## EXERCISE INPUTS
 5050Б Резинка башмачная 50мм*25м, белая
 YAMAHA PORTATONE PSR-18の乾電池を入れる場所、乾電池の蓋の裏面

---

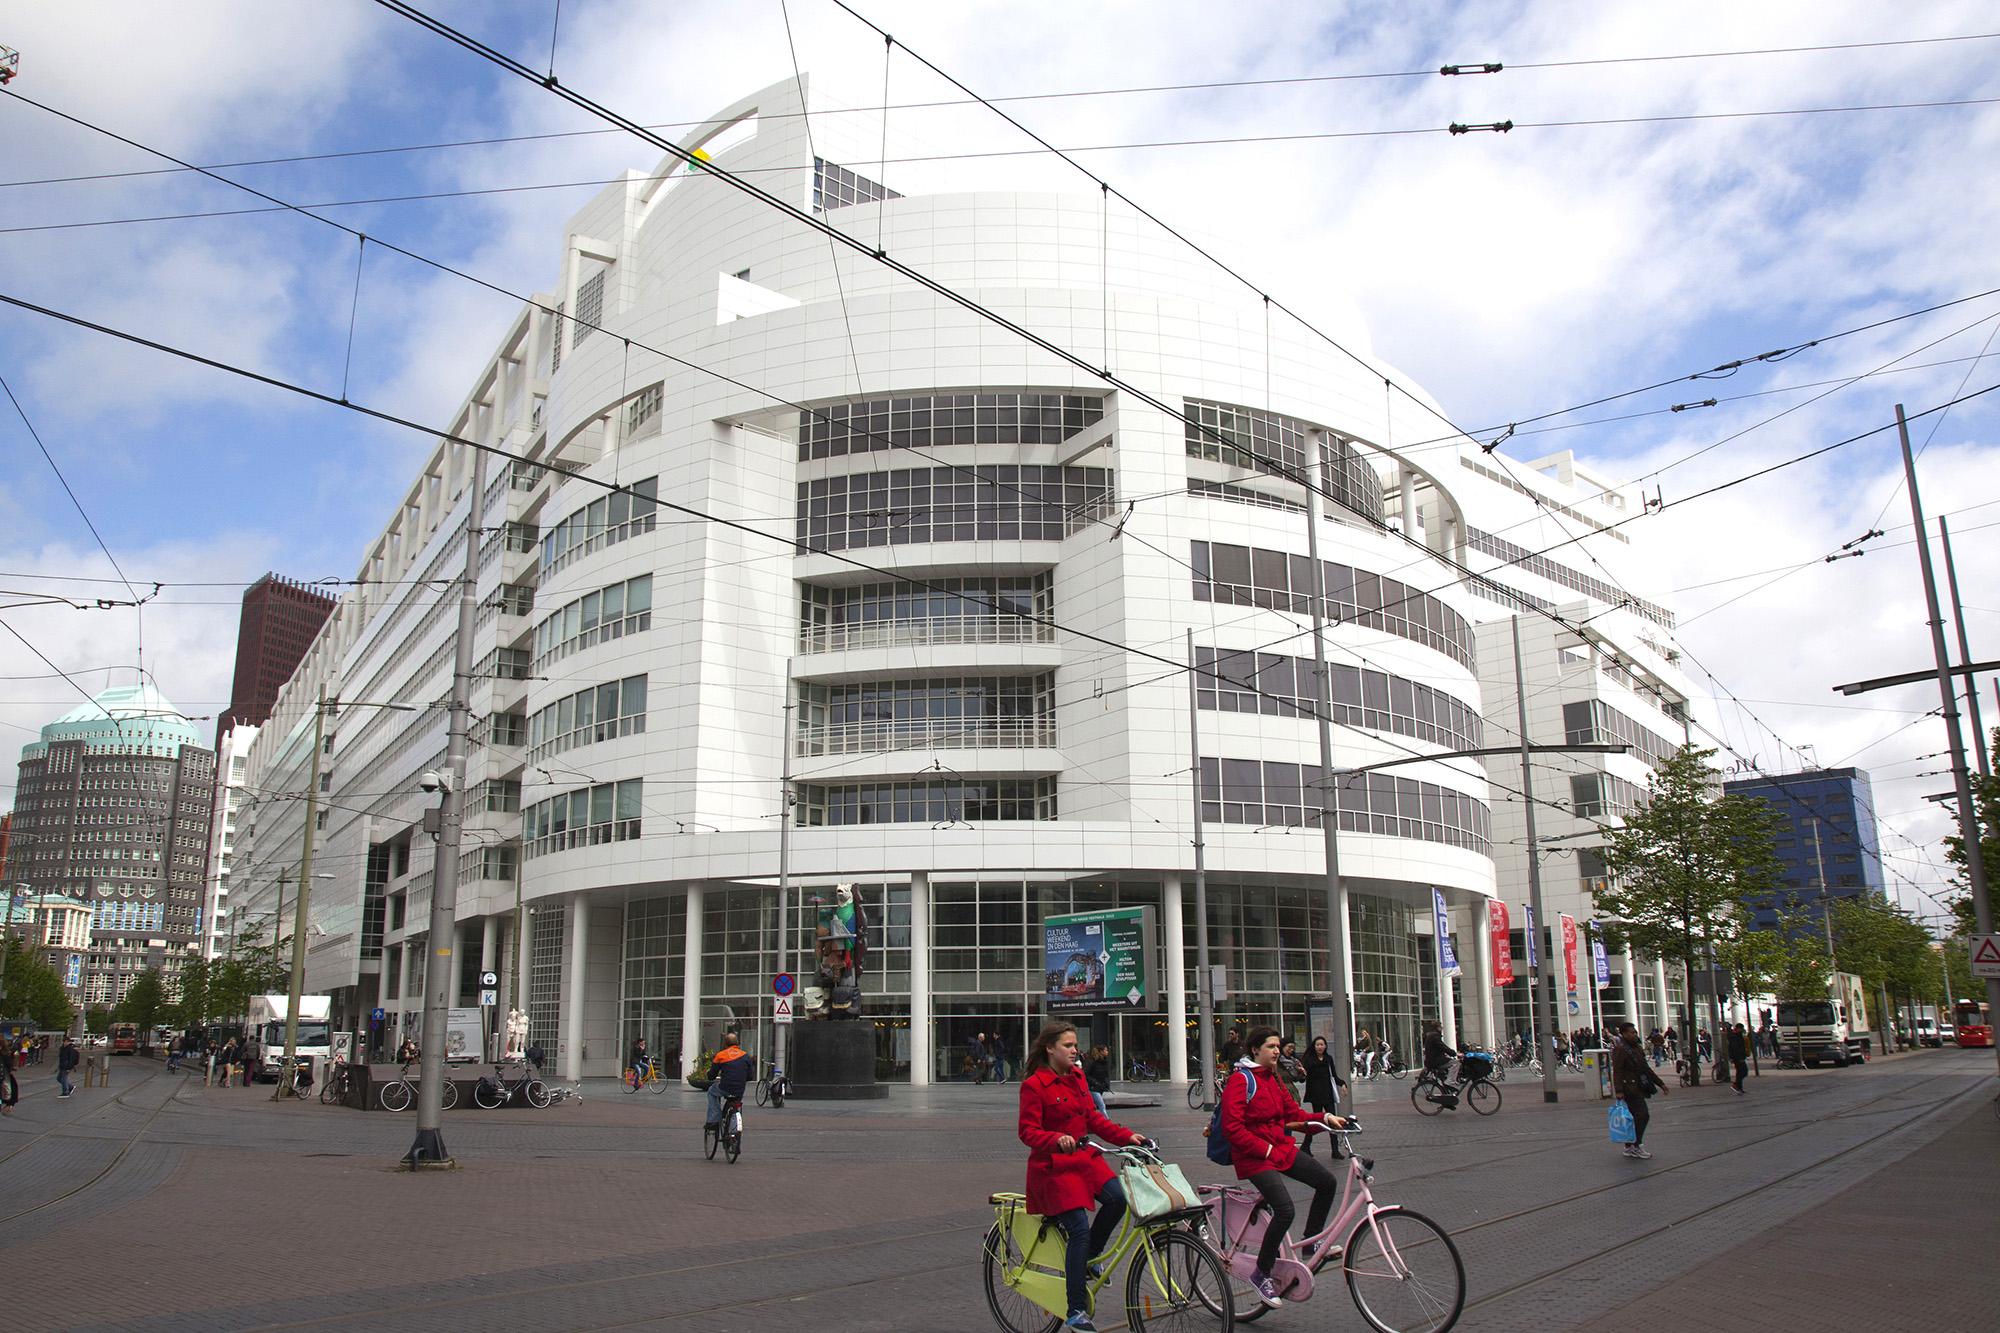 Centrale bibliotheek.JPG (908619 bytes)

## TASK BRIEF
Reproduce exactly the lines of the records above from the one with "5050Б Резинка башмачная 50мм*25м, белая" to the one with "YAMAHA PORTATONE PSR-18の乾電池を入れる場所、乾電池の蓋の裏面", both included, and leave out everything else.

## EXERCISE RESULT
 5050Б Резинка башмачная 50мм*25м, белая
 YAMAHA PORTATONE PSR-18の乾電池を入れる場所、乾電池の蓋の裏面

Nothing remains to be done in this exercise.